Глава 5
Ариэлла
Остальные вернулись в дом, и мы провели остаток утра, обсуждая маршрут. Отправиться в путь предстояло через несколько дней, до тех пор мне полагалось есть, отдыхать и учиться защищаться. Нужно было знать, как, по словам Джеммы, «сломать нос и врезать по яйцам». Я признала, что это справедливо.
Если направиться прямо к пещерам Уинтерсона, дорога заняла бы всего две недели пешком, но сперва предстояло двинуться на юго-восток, в город Бриннея, где Симеон велел нам встретиться. О его плане им почти ничего не было известно, но они подозревали, что дело в моей силе. В том, чтобы я научилась ею владеть.
Чем больше они рассказывали мне о землях к югу от Уоррича, тем меньше я верила, что когда-нибудь буду готова к встрече с Симеоном или к тем пещерам.
Финн и Каз рассказали мне о чудовищах, что выслеживают людей, как охотники добычу. Они были разные — с крыльями, с когтями, но все без исключения — с острыми, словно ножи, зубами. Братья извинились, что обрушили на меня столько сведений сразу, а мне не хватило духу сказать им, что я чувствую себя перегруженной с той самой минуты, как услышала слово «королева».
Эти монстры были творением Молохая, рожденные из темной магии, что он вырвал у самой земли и подчинил себе. На севере, в Уорриче, их встречалось немного из-за скудной добычи, то есть людей. Но чем южнее мы будем продвигаться, тем выше вероятность наткнуться на них.
Наступил полдень вместе с паникой и стыдом оттого, что мне нечем накормить новых гостей.
— У меня почти ничего нет из еды, — стыд подступил к самому горлу. — Мне… мне жаль…
— Когда ты в последний раз ела мясо? — спросил Смит, роясь в шкафах и в утепленном сундуке. Там оказались лишь несколько банок овощного бульона. — Зерно? Овощи? Молоко?
— Были яйца. Каждая курица обычно несла по одному в день. И бульон, — я следила за его точными и быстрыми движениями. — Но мясо у нас закончилось три месяца назад.
— Три месяца, — он застыл. Могучая, угрюмая челюсть ходила ходуном. — Ты питалась всего двумя яйцами в день, в лучшем случае, и овощным бульоном. Три месяца.
— Да, — я метнула взгляд на Джемму, но та не пришла на выручку: ее внимание беспокойно металось между мной и Смитом. — Мор съел почти весь урожай в прошлом году, — объяснила я. — Мы варили бульон из того, что удалось сохранить. Мама говорила, что я могу обойтись яйцами и бульоном… чтобы держать фигуру.
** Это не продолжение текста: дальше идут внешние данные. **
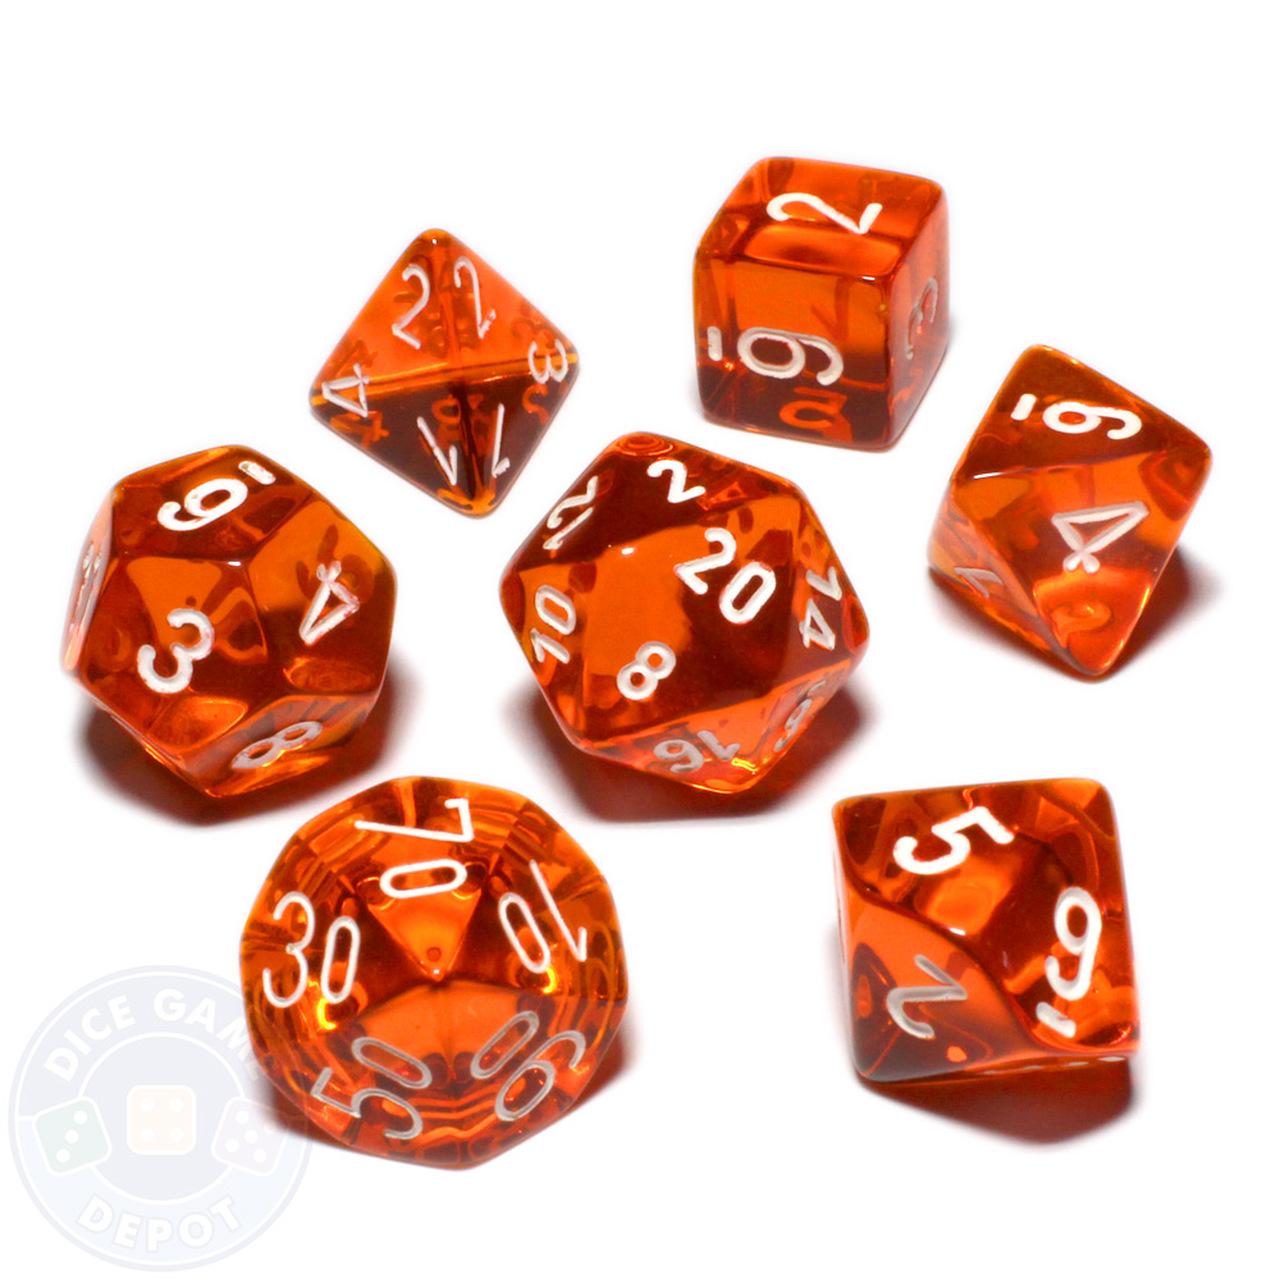 clip royalty free download Transparent dice. Polyhedral set orange .

В его глазах что-то вспыхнуло — яростное, страшное. У меня перехватило дыхание, и неприятное, обжигающее чувство скользнуло по коже. За прошедшие полтора года тело мое истончилось до костей. Мать никогда не возражала, хотя я как-то слышала, как Филипп сказал ей, что мне и терять-то особо нечего.
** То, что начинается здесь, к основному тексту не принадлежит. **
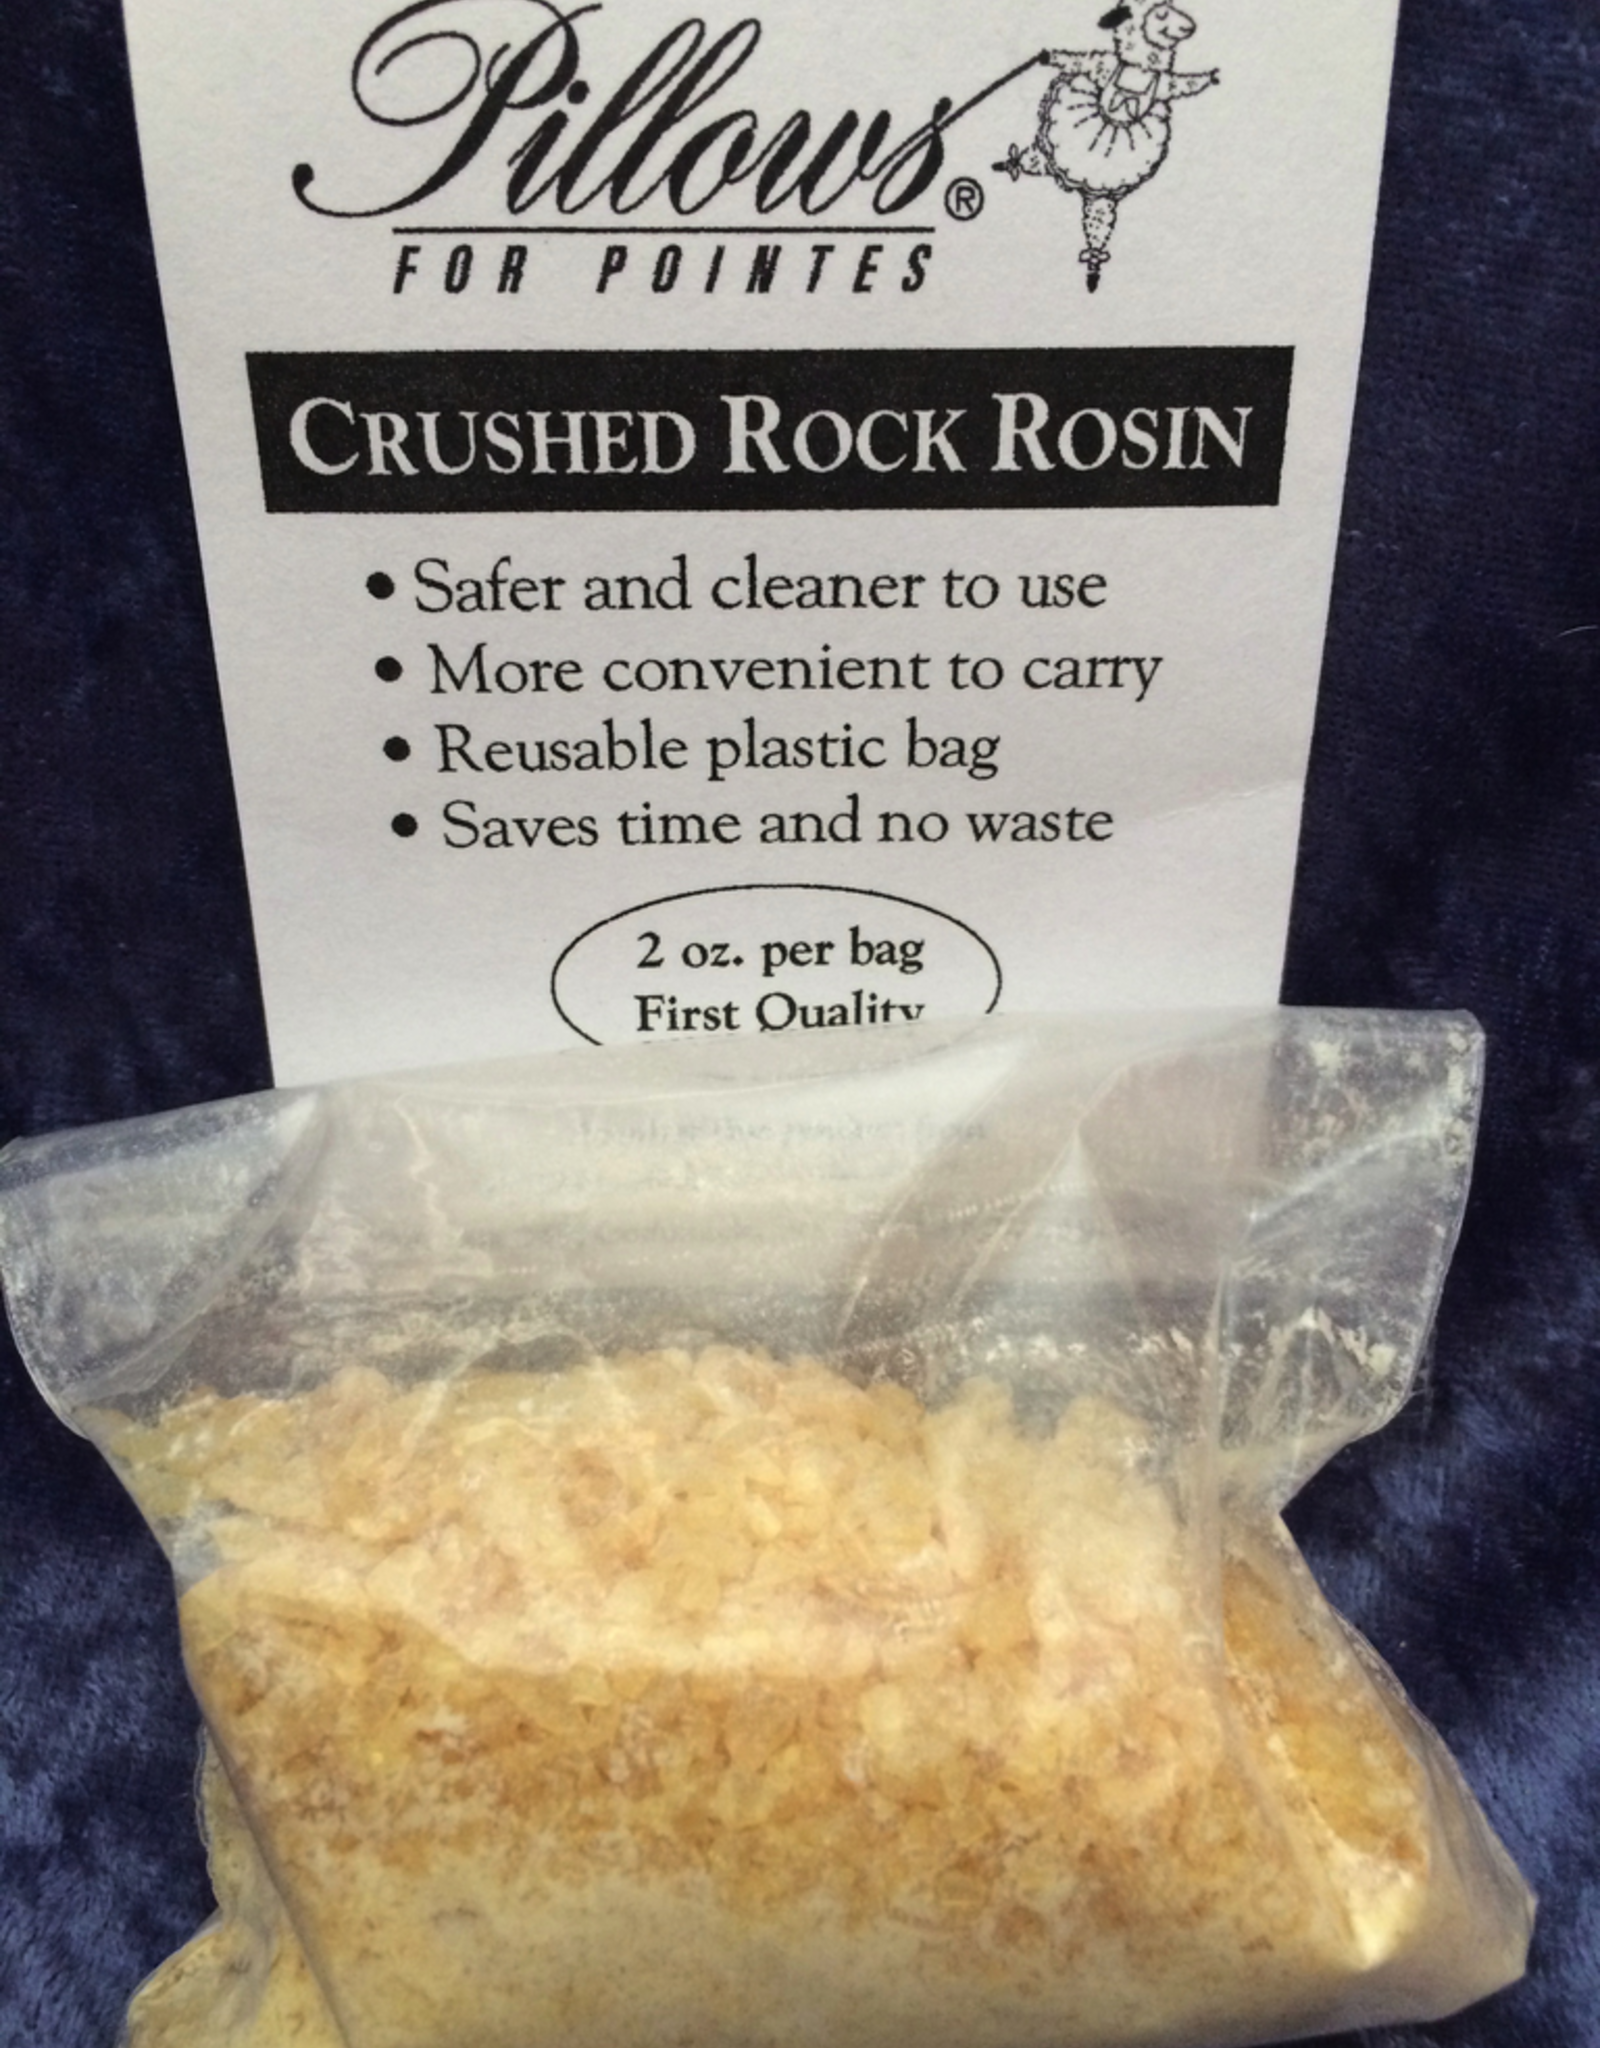 Pillows For Pointe Pocket Rock Rosin 2 oz.

— Понятно, — его голос стал холодным, лицо пустым, безмолвным, будто ярость уложили обратно под замок. Тяжелое, натянутое молчание сковало комнату. Его нарушили лишь твердые шаги Смита: за несколько длинных шагов он пересек весь дом, вытащил из своей сумки сверток в грубой бумаге, перевязанный бечевкой, и положил его на стол передо мной. От него тянуло сладко-пряным ароматом, у меня тут же потекли слюнки.
— Но это же твое? — я так хотела есть, но не могла взять чужую еду.
— Теперь твое, — он кивнул на сверток. — Давай.
Я посмотрела на остальных. Финн и Каз обменялись усмешками, а Эзра лишь отвернулся, чтобы не вмешиваться в напряженную ситуацию.
— Я поделюсь с…
— Нет, — резко отрезал Смит, твердо указав на сверток. — Ты не поделишься. Это твое.
Я осторожно развязала бечевку, развернула бумагу и ахнула. Желудок взревел. Вяленое мясо. Я подняла голову и встретила взгляд Смита, в его темных глазах бушевала смесь ярости и горечи. Потом заметила, куда он смотрит — на мою руку. Она дрожала. От голода, от предвкушения, может, от упавшего сахара. Смутившись, я спрятала ее на колени под столом и взяла кусок мяса другой рукой.
Вкус был потрясающий, словно дымное, сладковатое солнце разлилось по языку. Глаза защипало, может, от вкуса, но скорее от благодарности.
— Спасибо, — прошептала я, проглотив первый кусочек.
Он кивнул, и мышца на его челюсти дернулась под бородой. Мое сердце заплясало в груди.
— Каз, Эзра, — Смит подошел к своему пальто в углу и достал из внутреннего кармана потертый кожаный мешочек с монетами. Швырнул его Казу на колени — мешочек глухо шмякнулся, тяжелый настолько, что мог бы больно ударить, но Каз и бровью не повел. — В Тесу. Купите еды и питья на всех нас.
Эзра открыл рот, чтобы возразить:
— Но Теса почти в день пути к юго-западу…
— Значит, вернетесь завтра к закату, если уйдете сейчас, — холодно отрезал Смит. — Захотите — сделайте короткий привал. Вы справитесь.
Я видела, как плечи Эзры опустились в раздраженном смирении.
— Финн, — Смит повернулся к младшему из братьев Синклер. — Думаешь, осилишь сегодня охоту?
— Сделаю все, что смогу, — Финн кивнул без возражений и повернулся к Джемме. — Хочешь пойти со мной? — его красивое лицо озарила теплая полуулыбка.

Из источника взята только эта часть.